An application of conditional logistic regression and multifactor dimensionality reduction for detecting gene-gene Interactions on risk of myocardial infarction: The importance of model validation
1 Department of Biostatistics, University of Alabama at Birmingham, Birmingham, AL 35294-0022, USA
2 Section of Cardiovascular Medicine, Department of Medicine, Yale University School of Medicine, New Haven, CT 06510, USA
3 Center for Human Genetics Research, Department of Molecular Physiology and Biophysics, Vanderbilt University Medical School, Nashville, TN 37232-0700, USA
4 Section of Health Policy and Administration, Department of Epidemiology and Public Health and Robert Wood Johnson Clinical Scholars Program, Yale University School of Medicine, New Haven, CT 06510, USA
5 Yale-New Haven Hospital Center for Outcomes Research and Evaluation, New Haven, CT 06510, USA
6 Division of Preventive Medicine, Brigham and Women's Hospital, Harvard Medical School, Boston, MA 02215, USA
7 Center for Cardiovascular Disease Prevention, Brigham and Women's Hospital, Harvard Medical School, Boston, MA 02215, USA
8 Departments of Medicine and Pharmacology, Vanderbilt University Medical School, Nashville, TN 37232-0700, USA
BMC Bioinformatics 2004, 5:49 doi:10.1186/1471-2105-5-49Published: 30 April 2004
To examine interactions among the angiotensin converting enzyme (ACE) insertion/deletion, plasminogen activator inhibitor-1 (PAI-1) 4G/5G, and tissue plasminogen activator (t-PA) insertion/deletion gene polymorphisms on risk of myocardial infarction using data from 343 matched case-control pairs from the Physicians Health Study. We examined the data using both conditional logistic regression and the multifactor dimensionality reduction (MDR) method. One advantage of the MDR method is that it provides an internal prediction error for validation. We summarize our use of this internal prediction error for model validation.

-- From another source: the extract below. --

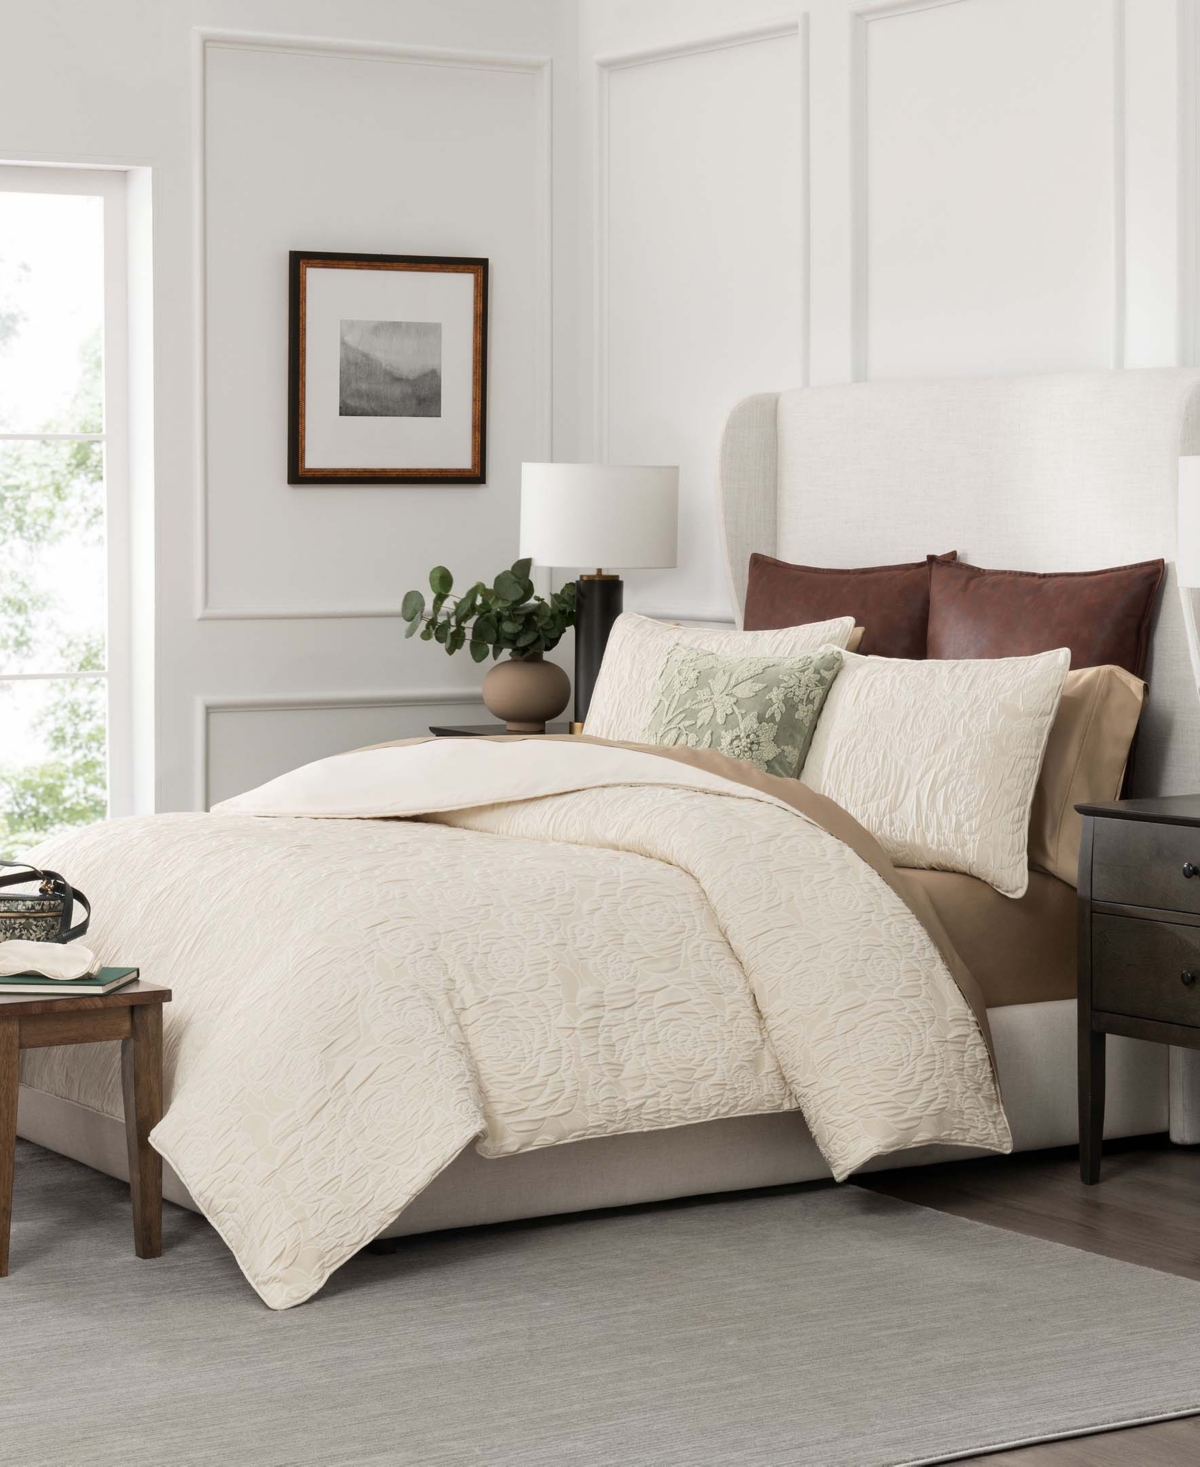 Patricia Nash Rose Embossed Comforter 3-pc. Set, King In Taupe

The overall results for the two methods were consistent, with both suggesting an interaction between the ACE I/D and PAI-1 4G/5G polymorphisms. However, using ten-fold cross validation, the 46% prediction error for the final MDR model was not significantly lower than that expected by chance.
The significant interaction initially observed does not validate and may represent a type I error. As data-driven analytic methods continue to be developed and used to examine complex genetic interactions, it will become increasingly important to stress model validation in order to ensure that significant effects represent true relationships rather than chance findings.